■ Required work:
Send back the data below exactly. Drop every picture.

■ Raw data:
....................
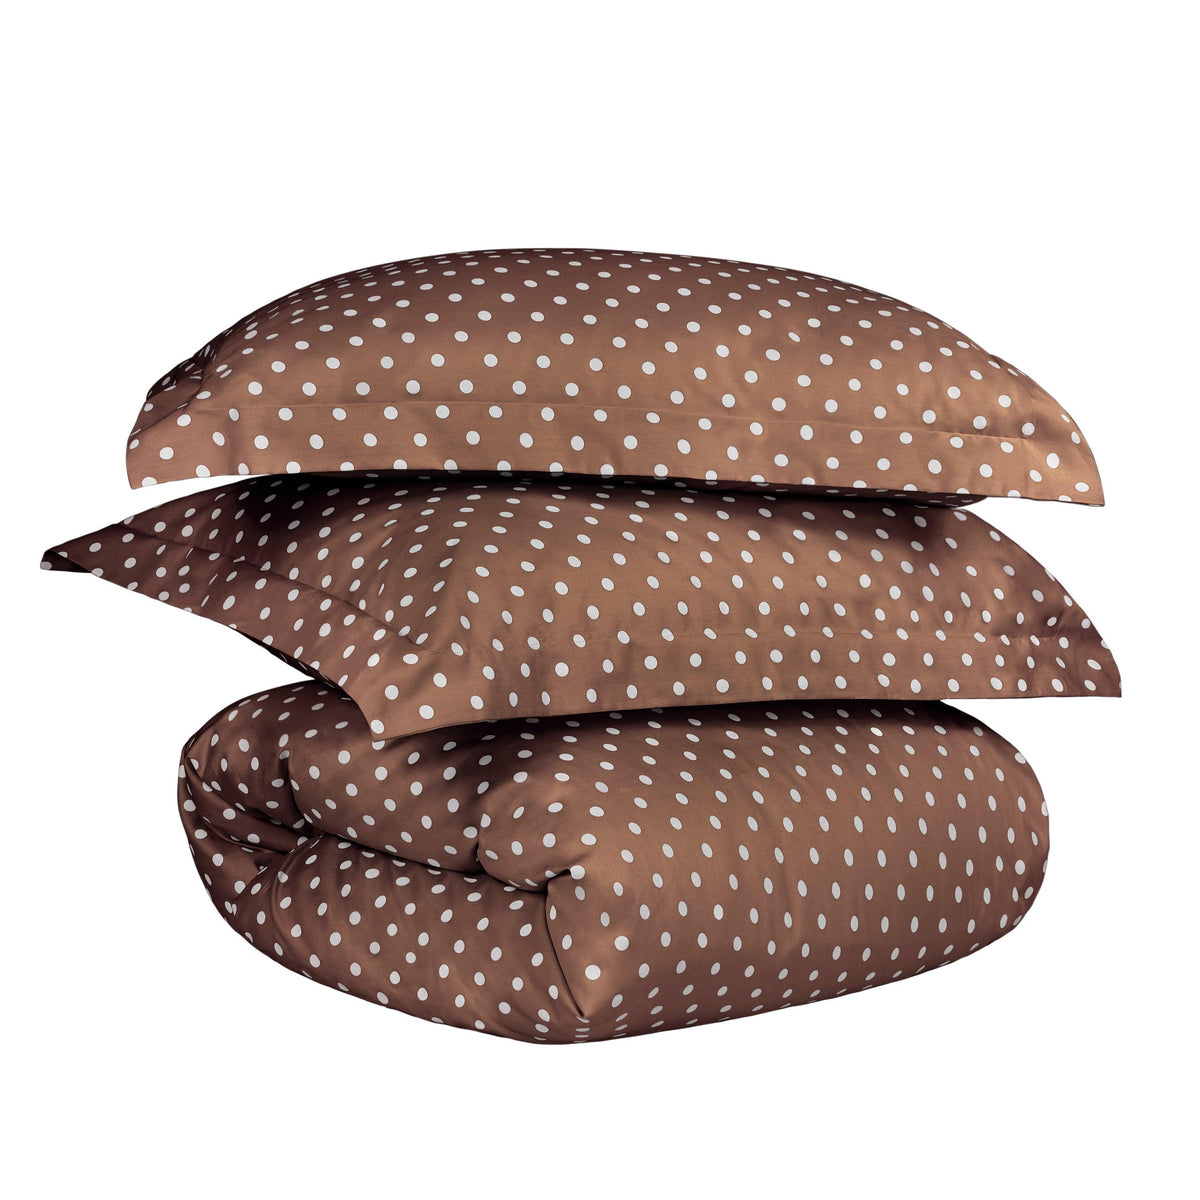 Superior Cotton Blend Polka Dot Luxury Plush Duvet Cover Set - Taupe
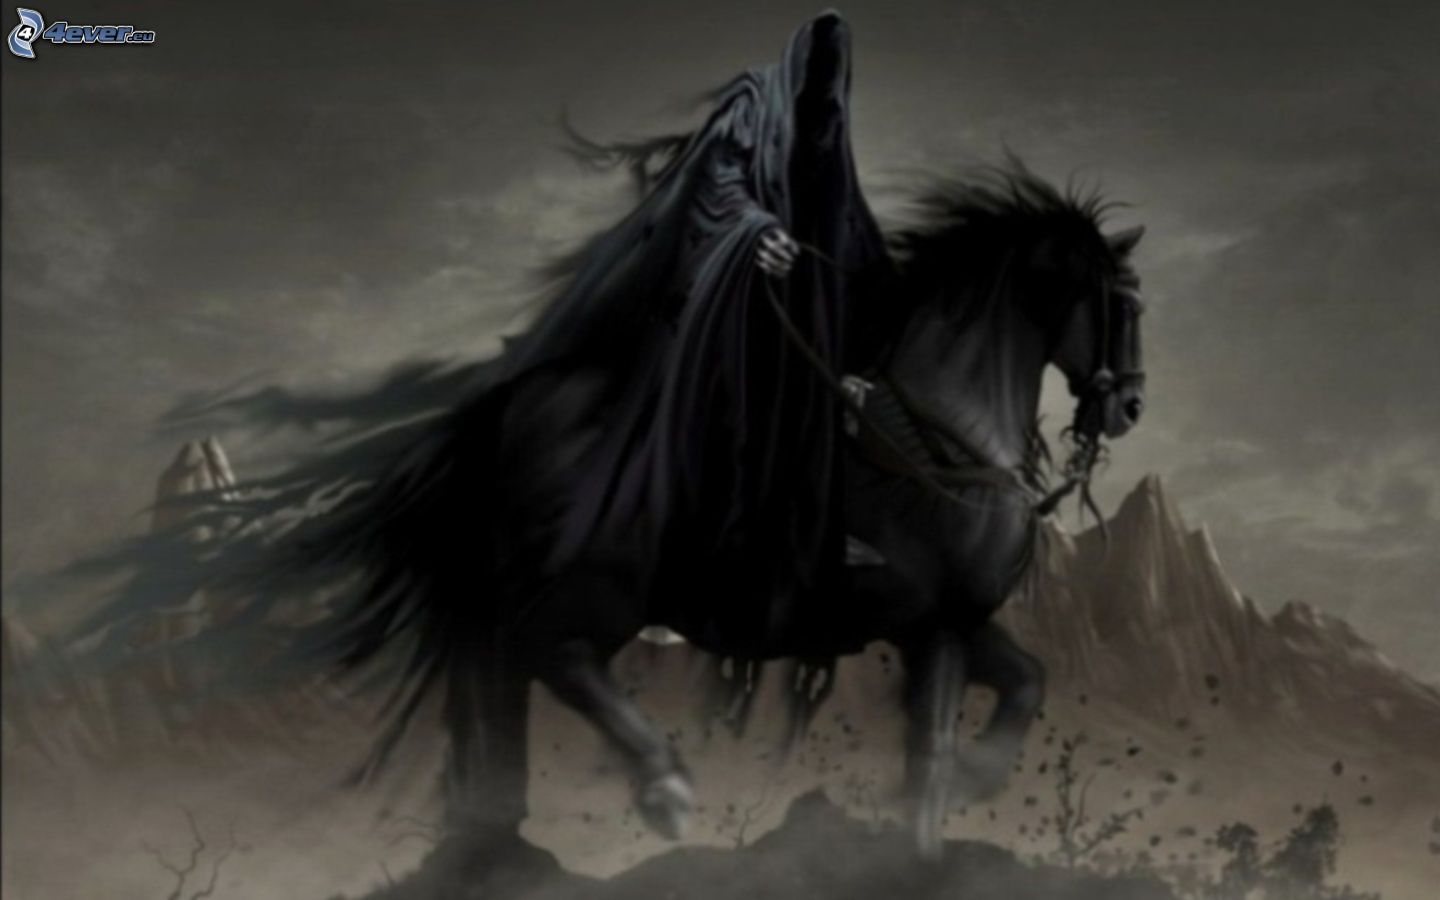 [pictures.4ever.eu] grim reaper, horse 156477.jpg
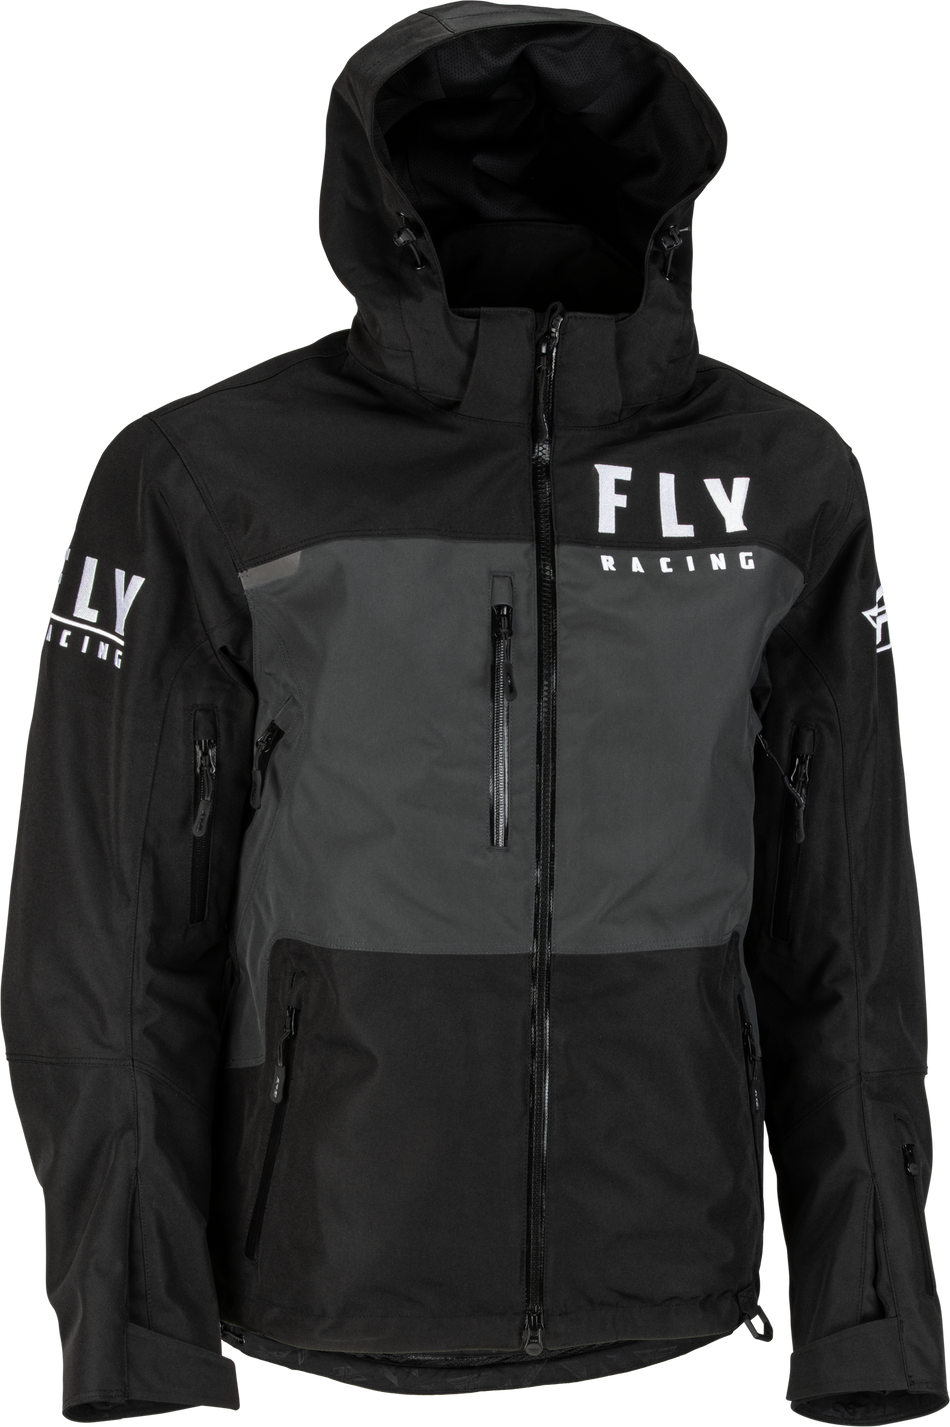 FLY RACING Carbon Jacket Black/Grey Sm 470-4133S
....................
■ Output for this exercise:
 Superior Cotton Blend Polka Dot Luxury Plush Duvet Cover Set - Taupe
 [pictures.4ever.eu] grim reaper, horse 156477.jpg
 FLY RACING Carbon Jacket Black/Grey Sm 470-4133S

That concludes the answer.